Up like 5 lbs. for some reason, just got back yesterday from a trip and I pigged out last night. Didn't think I'd end up holding this much water. Whatever, oh well, I'll lose it in the next few days I'm sure.


----------



## Cold Iron (Mar 31, 2006)

dammmmn look what got dragged in. what up bro?


----------



## MJH (Mar 31, 2006)

*Cold Iron:* Hah, I knew I was going to see some familiar faces in here. Not too much is up man, same old same old. Working at a bank still, new girlfriend actually. Only been together a month but feels like 5 years, lol. When you finally find the right person you really know it, you can feel it. Workouts are good, been on Westside actually for about a month now kept a journal on a different forum. New PR's as of late are +225 for a single in dips, pulled 585 for a double off the platform, hit 385 on decline for a single, etc.


----------



## soxmuscle (Mar 31, 2006)

Still having problems with that binging?  Did you ever see professional help?


----------



## MJH (Mar 31, 2006)

*soxmuscle:* Actually not at all man, thanks for asking. For the longest time I couldn't break the habit but as of late I'll diet for a month or so and then have a cheat night, like yesterday. But that was my fault. I was traveling back from Mississippi with the girlfriend and decided after finally getting back, to smoke a little pot on the way home from the airport. Well that was stupid because I was planning on working out about an hour later. Of course I was too high/lazy to workout, so me and the girlfriend went to Taco Bell and had some Chinese, too. Along with a candy bar, lol.


----------



## Seanp156 (Mar 31, 2006)

Shit... BW+225 on dips


----------



## yellowmoomba (Mar 31, 2006)

Seanp156 said:
			
		

> Shit... BW+225 on dips



THATS a lot of weight!!!!

 

Welcome back


----------



## LexusGS (Mar 31, 2006)

welcome back hommie.


----------



## CowPimp (Mar 31, 2006)

Welcome back.  Doing 50 reps of deadlifts is some crazy stuff.  I think I might have to try that CAT technique sometimes; that looks brutal.


----------



## DeadBolt (Mar 31, 2006)

whoa whoa whoa what the hell is this shit...first few posts and a fuckin PR...thats bullshit!

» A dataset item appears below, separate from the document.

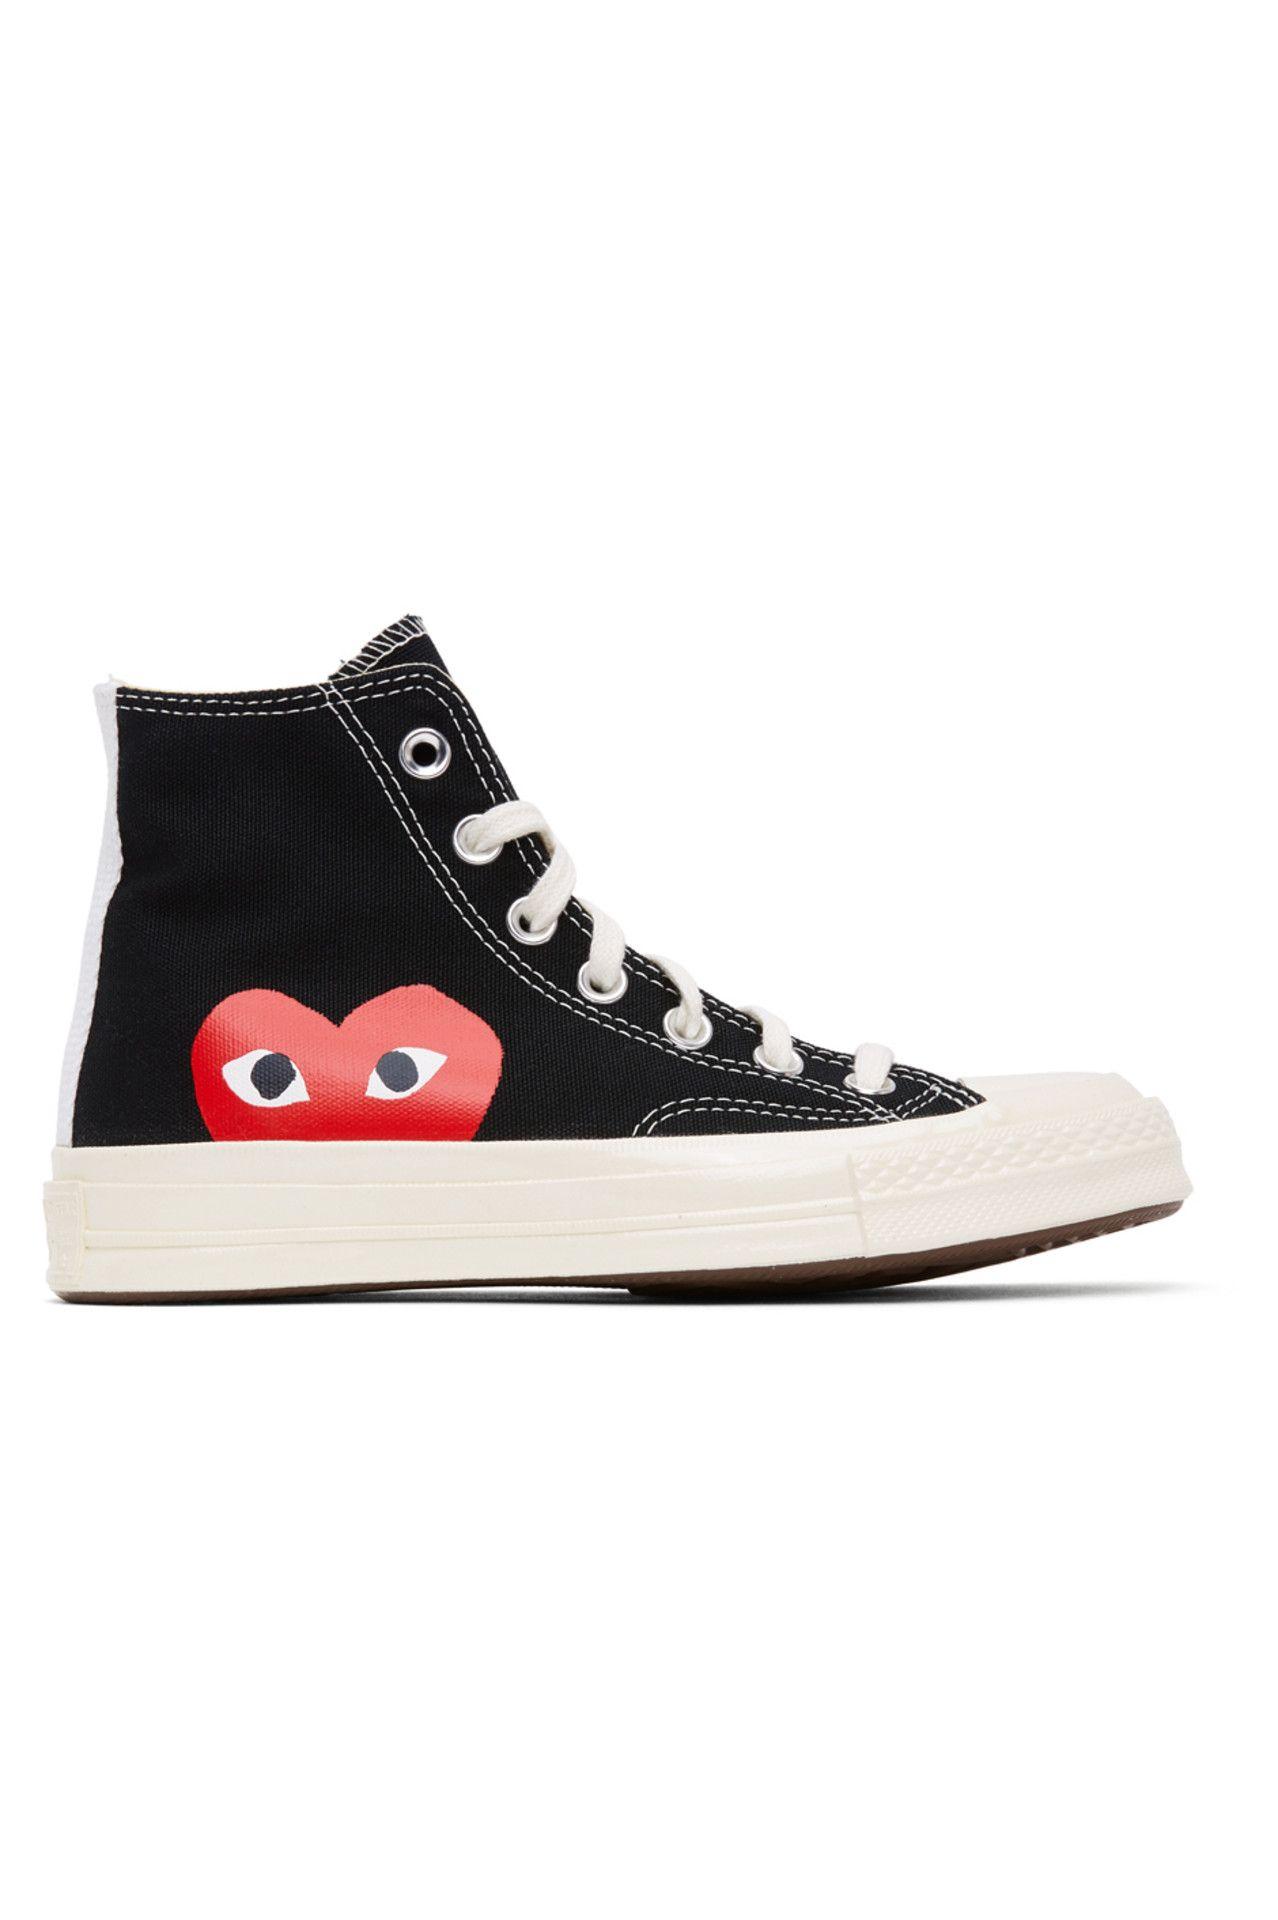 Black Converse Edition Half Heart Chuck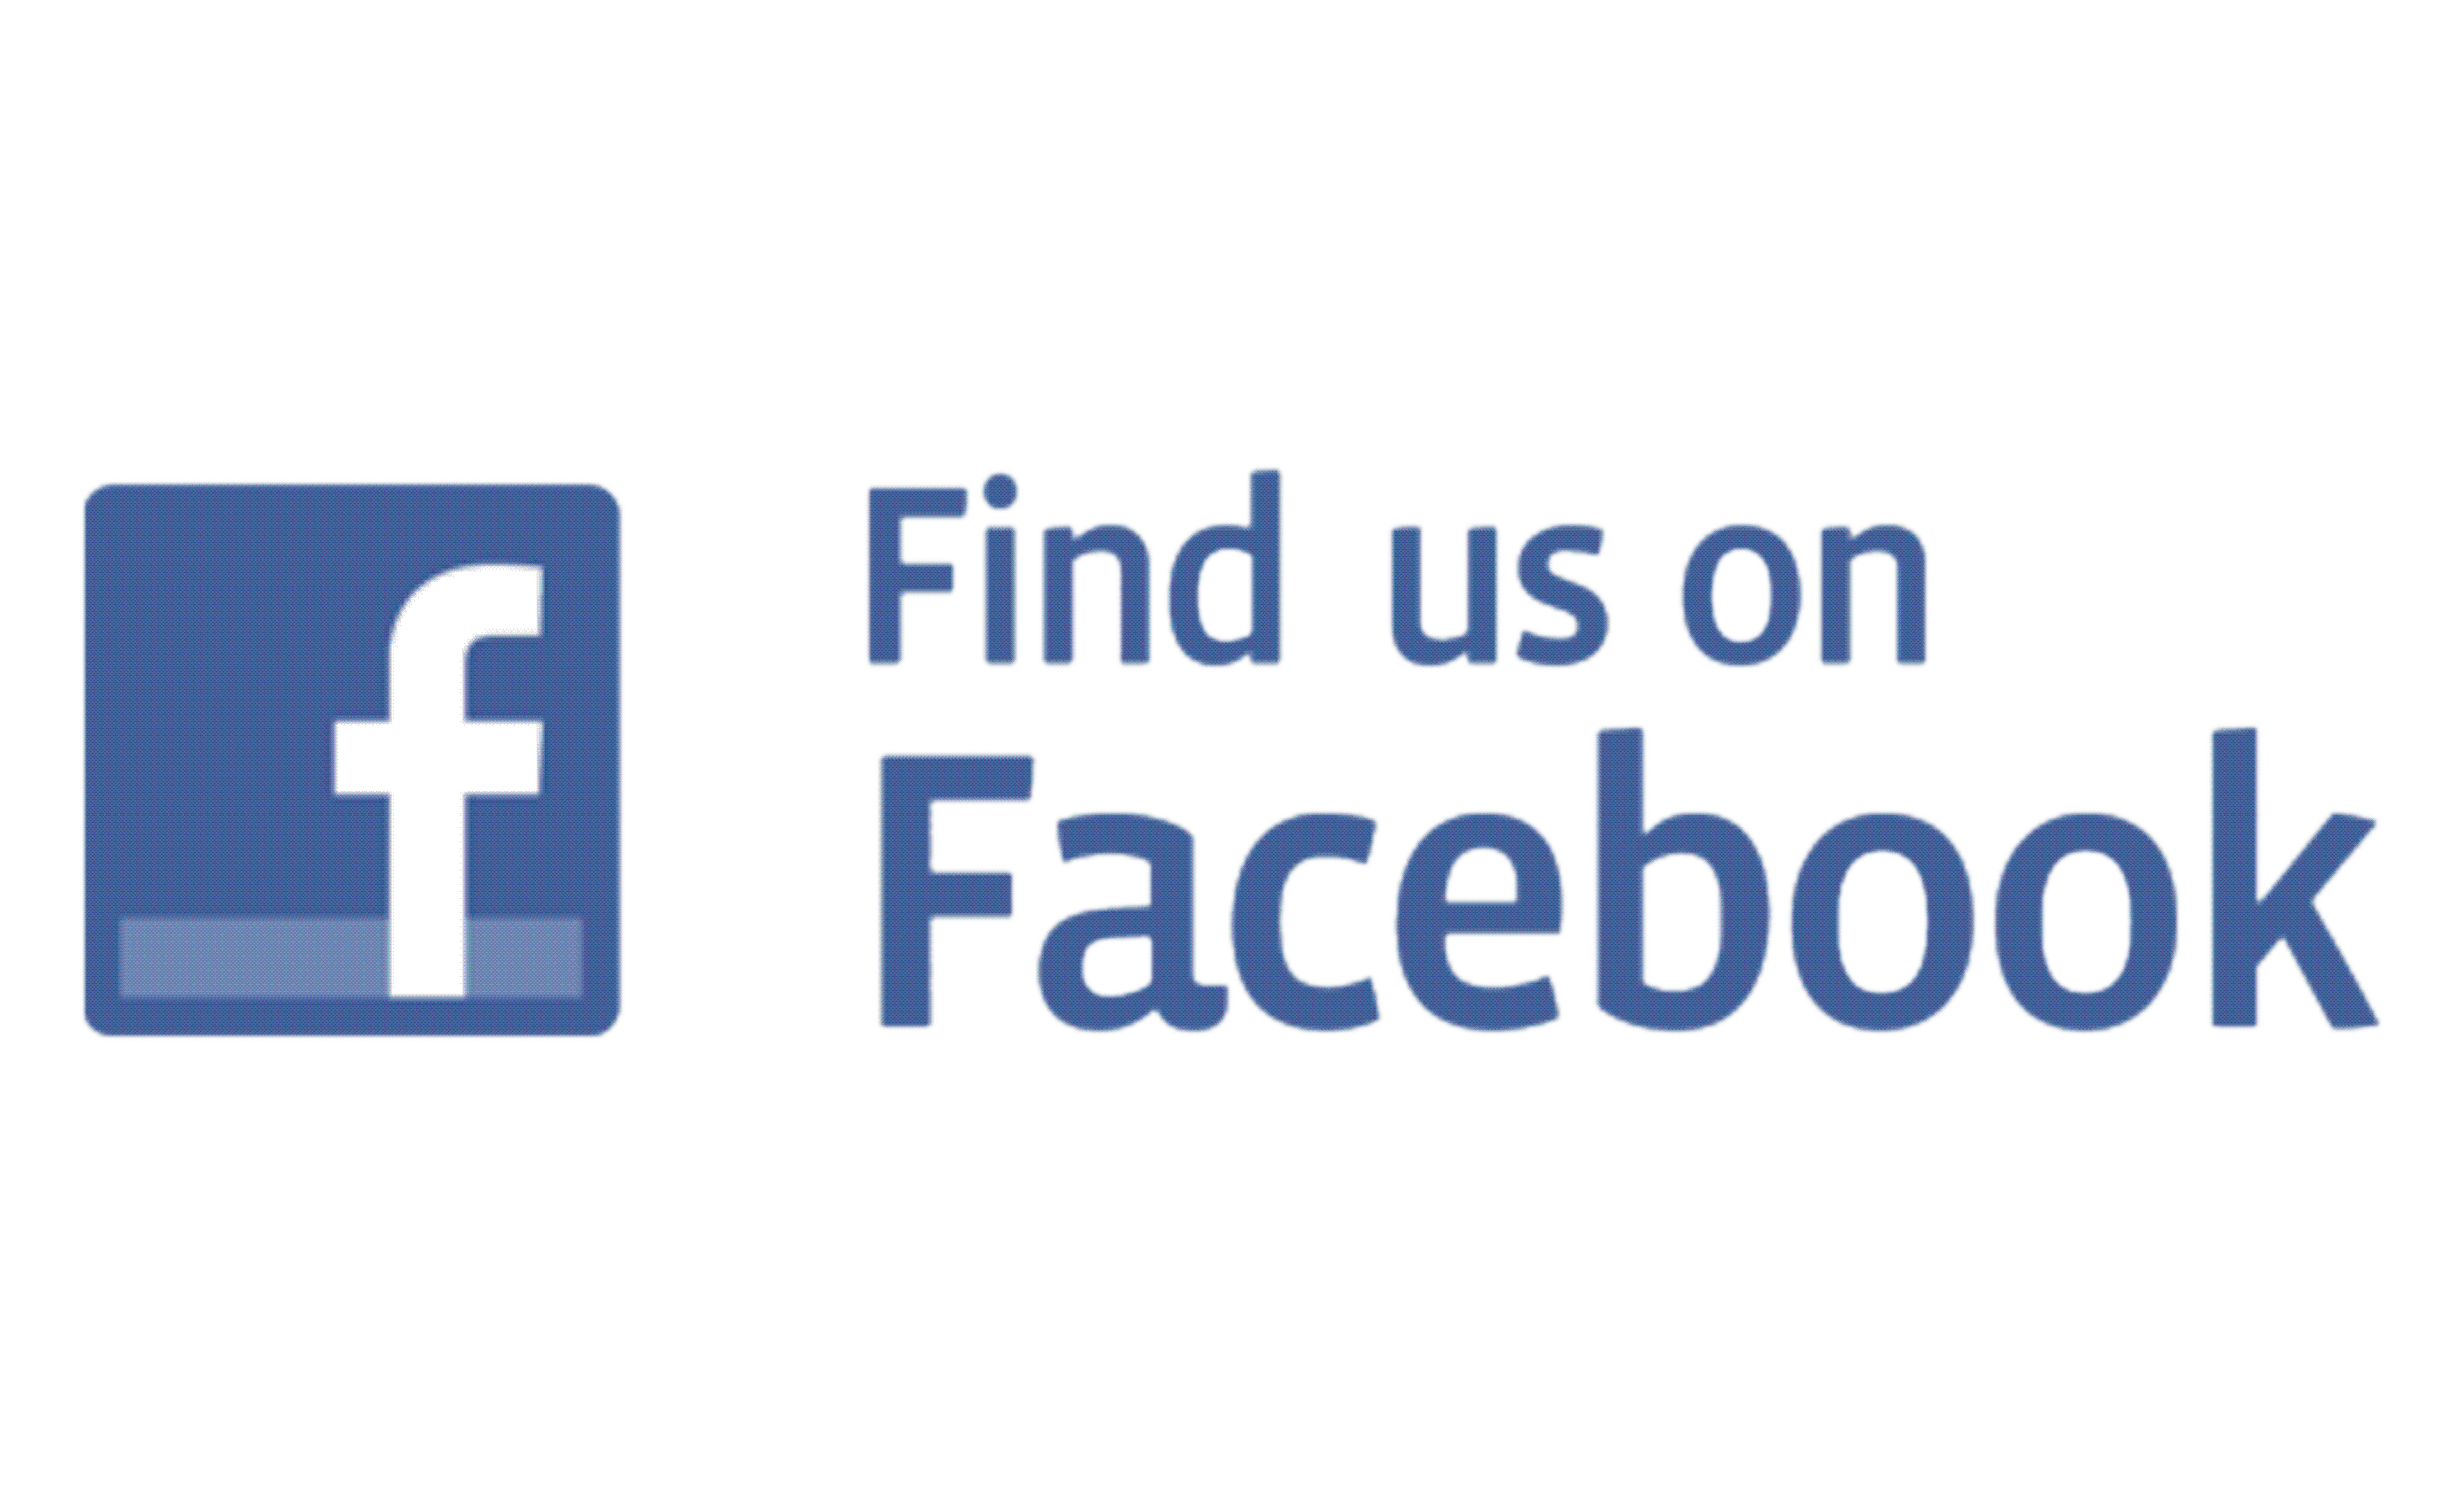 Facebook clipart share. Follow us on transparent

Big mike hows it hangin bro!  Glad to see ya back missed ya in these parts!!!  

You damn pot head....what did I tell ya about that shit....bad munchi food...taco bell will give ya the shits gotta go with wendy's...or at least thats what I do   oops did I just say that lol


----------



## fufu (Apr 1, 2006)

Wow those are some 1337 deadlift numbers.


----------



## P-funk (Apr 1, 2006)

I never understood why it was called CAT?  CAT just stands for Compensatory Acceleration Training.  Basically that just means moving the bar as quickly as possible, ie the dynamic effort.  Why do you guys call ti CAT when you do a marathon of reps (50) for a given exercise?


----------



## CowPimp (Apr 1, 2006)

P-funk said:
			
		

> I never understood why it was called CAT?  CAT just stands for Compensatory Acceleration Training.  Basically that just means moving the bar as quickly as possible, ie the dynamic effort.  Why do you guys call ti CAT when you do a marathon of reps (50) for a given exercise?



Good question.  I just saw SF refer to this under than name; I never really questioned it I guess.


----------



## MJH (Apr 1, 2006)

*Seanp:* Thanks man, appreciate it. FYI, I also hit +180 for 3 sets of 2. I would like to hit 5 plates (+225 lbs.) for more than just a single. 

*yellowmoomba:* LOL, thanks man, appreciate it. 

*LexusGS:* Thanks man.

*CowPimp:* Dude, the CAT technique is amazing. It really is brutal, though. After doing it I usually can't do much accessory work at all. Especially on such a compound movement like deadlifts its ridiculous. 

*DeadBolt:* Yeah when I'm on Westside I usually set a ton of PR's, actually. Hopefully it will be the same this time around, too. We'll see how things go. I'm going to try my best to keep my diet on point this time around. Lately I've been good, I just have to get back into the swing of things. For the longest time I was doing great and then I splurged and decided to start back with day 1 again. 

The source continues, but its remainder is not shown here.